7 Kasım Dünya Nütrisyon Günü nedeniyle düzenlenen basin toplantısında konuşan Dokuz Eylül Üniversitesi Tıp Fakültesi’nden Genel Cerrah Prof. Dr. Selman Sökmen, yetersiz beslenmenin yara iyileşmesini de geciktirdiğini belirterek, "Cerrahi hastalarında, sıklıkla beslenme bozukluğu ve buna bağlı kas ve kilo kaybı gelişebilmektedir. Beslenme bozukluğu cerrahi sonuçlarını bozmakta, yara iyileşmesini uzatmakta, ağır enfeksiyon gelişimine yol açmakta dolayısıyla komplikasyon ve hasta kaybını arttırmaktadır" dedi. Toplantıda yetersiz beslenmenin hangi durumlarda etki ettiğine vurgu yapılırken, yaşlılarda, kanser hastalarında da bu durumun sıkça görüldüğü ve risk yarattığı açıklandı.

Toplantıya KEPAN (Klinik Enteral Parenteral Nütrisyon) Derneği Başkanı Prof. Dr. Osman Abbasoğlu, Prof. Dr. Selman Sökmen (9 Eylül Üniversitesi Tıp Fakültesi Cerrahi AD), Prof. Dr. Şuayib Yalçın (Hacettepe Üniversitesi Tıp Fakültesi Medikal Onkoloji AD),  Prof. Dr. Erdem Göker (Ege Üniversitesi Tıp Fakültesi Medikal Onkoloji AD), Prof. Dr. Müge Akmansu (Gazi Üniversitesi Tıp Fakültesi Radyasyon Onkolojisi AD), Prof. Dr. Gülistan Bahat Öztürk (İstanbul Üniversitesi Tıp Fakültesi Geriatri AD), Prof. Dr. Meltem Gülhan Halil (Hacettepe Üniversitesi Tıp Fakültesi Geriatri AD) ve Abbott Nütrisyon Türkiye Genel Müdürü Gülberk Kavşuk katıldı.

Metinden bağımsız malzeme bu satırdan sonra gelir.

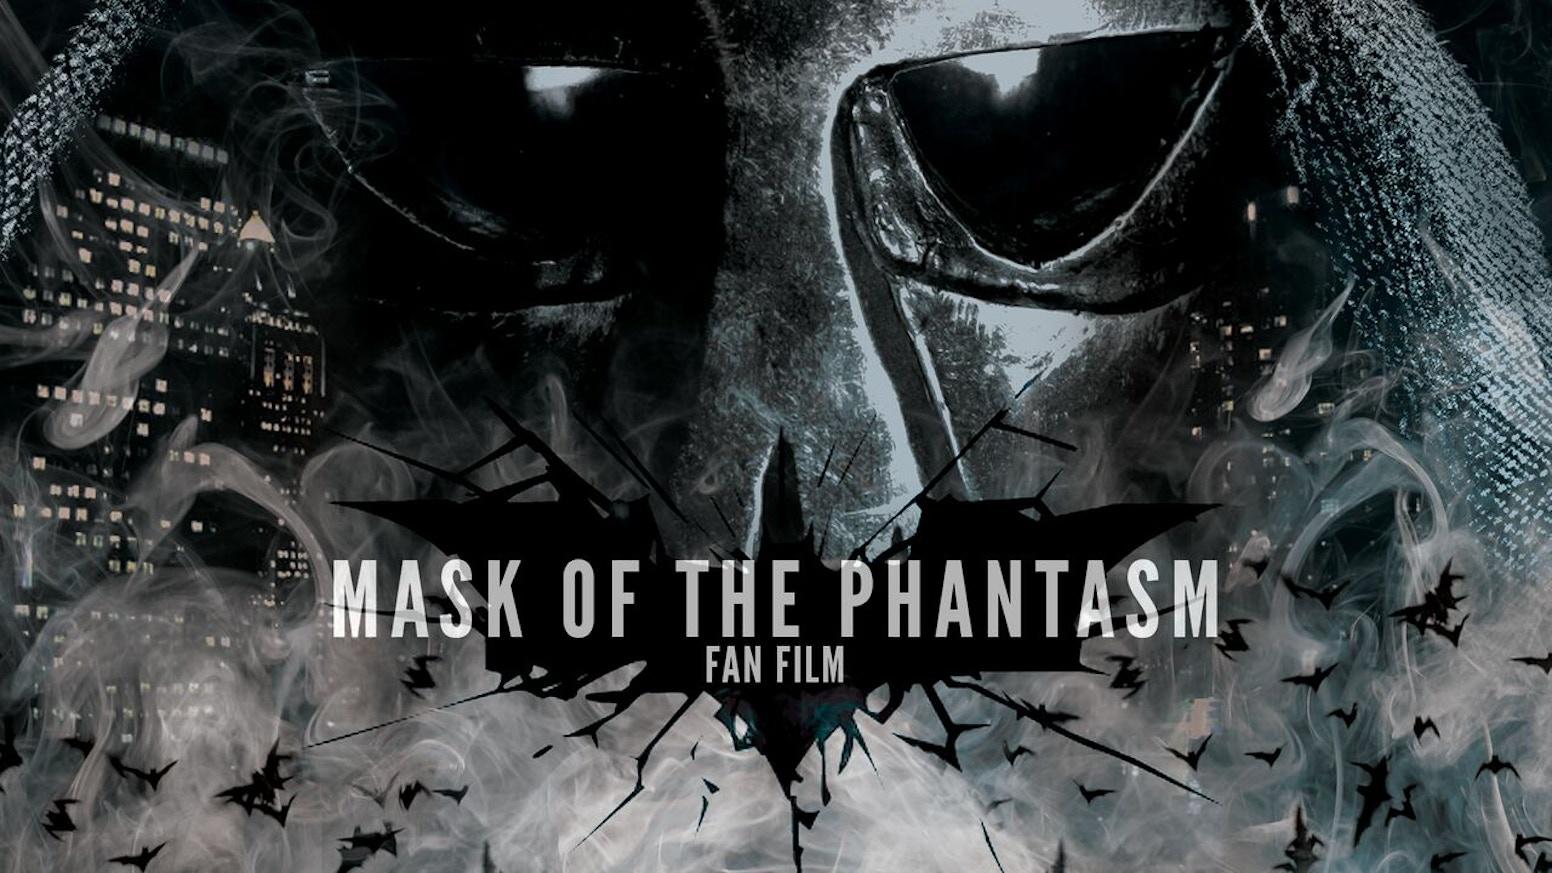 Batman: Mask of the Phantasm Fan Film by Spartan Digital

'Tedavide beslenme farkındalık hareketı sonuçları'

Hastalık gelişmesi halinde iyileşme için beslenme durumunun büyük önem taşıdığını belirten KEPAN Derneği Başkanı Prof. Dr. Osman Abbasoğlu, tedavide beslenme farkındalık hareketi sonuçlarını açıkladı ve şunları söyledi:

"KEPAN olarak Abbott firmasının desteği ile tedavide beslenmeye dikkat çekmek ve farklı alanlarda farkındalığı artırma amacıyla, Türkiye genelinde 21 şehir ve 50 merkezde, genel cerrahi, geriatri, nöroloji, radyasyon onkolojisi ve medikal onkoloji polikliniklerlerine başvuran hastalardaki beslenme durumu kesitsel olarak değerlendirilmiştir. Yöntem olarak NRS 2002 malnütrisyon tarama testi kullanılmış ve toplam 3 bin 521 hastanın beslenme değerlendirmesi yapılmıştır. Hastalık halinde, hayat kalitesini koruyarak tedaviyi tamamlamak ve başarıya ulaşmak ancak ekip çalışması ile mümkündür. Bu ekibin en önemli bileşenleri doktorlar ve diğer sağlık görevlileri yanında, hastanın ailesi ve bakımını üstlenen kişilerdir. Hastaların doğru beslenmesi ve yeterli besin desteğini alması tedavi başarısında büyük önem taşımaktadır. Önerimiz, hastanelere başvuran tüm hastalarda beslenme durumunun ilk günden itibaren değerlendirilmesi ve eğer gerekiyorsa, olabildiğince erken dönemde beslenme desteğine başlanılmasıdır. Bu değerlendirme yapılmadan ve risk altındaki bireyler saptanmadan harekete geçmek mümkün değildir. Yaptığımız kesitsel çalışmada, toplamda 3 bin 521 hasta beslenme durumu açısından değerlendirilmiş olup, her beş hastanın birinde beslenme tedavisi planlanması gerektiği ortaya konmuştur. Beslenme ihtiyacı, cerrahi kliniklerine başvuran hastalarda, yüzde 15 iken, bu oran geriatri kliniklerinde yüzde 18, nöroloji kliniklerinde yüzde 6, radyasyon onkolojisi kliniklerinde yüzde 25 ve medikal onkoloji kliniklerlerinde yüzde 44 olarak tespit edilmiştir.  Yeni tanılı yani son bir yıl içerisinde tanısı konmuş tüm branşlardaki hastalarda beslenme ihtiyacının ön planda olduğunu görüyoruz. Bu da polikliniğe gelen hastalarda daha en başından, erken dönemde beslenme değerlendirmesinin yapılması ve gerekiyorsa müdahalede bulunularak desteklenmesi gerekliliğini ortaya koymaktadır. Hastalarımıza beslenme düzenlemesi yapmak için aktif hayattan kopmalarını beklemeyelim, aktif olarak toplum içinde yaşarken ve topluma katkı sağlarken onları besleyerek, hem tedavi başarımızı artıralım hem de hasta ve hasta yakınlarının yaşam kalitesine katkıda bulunalım."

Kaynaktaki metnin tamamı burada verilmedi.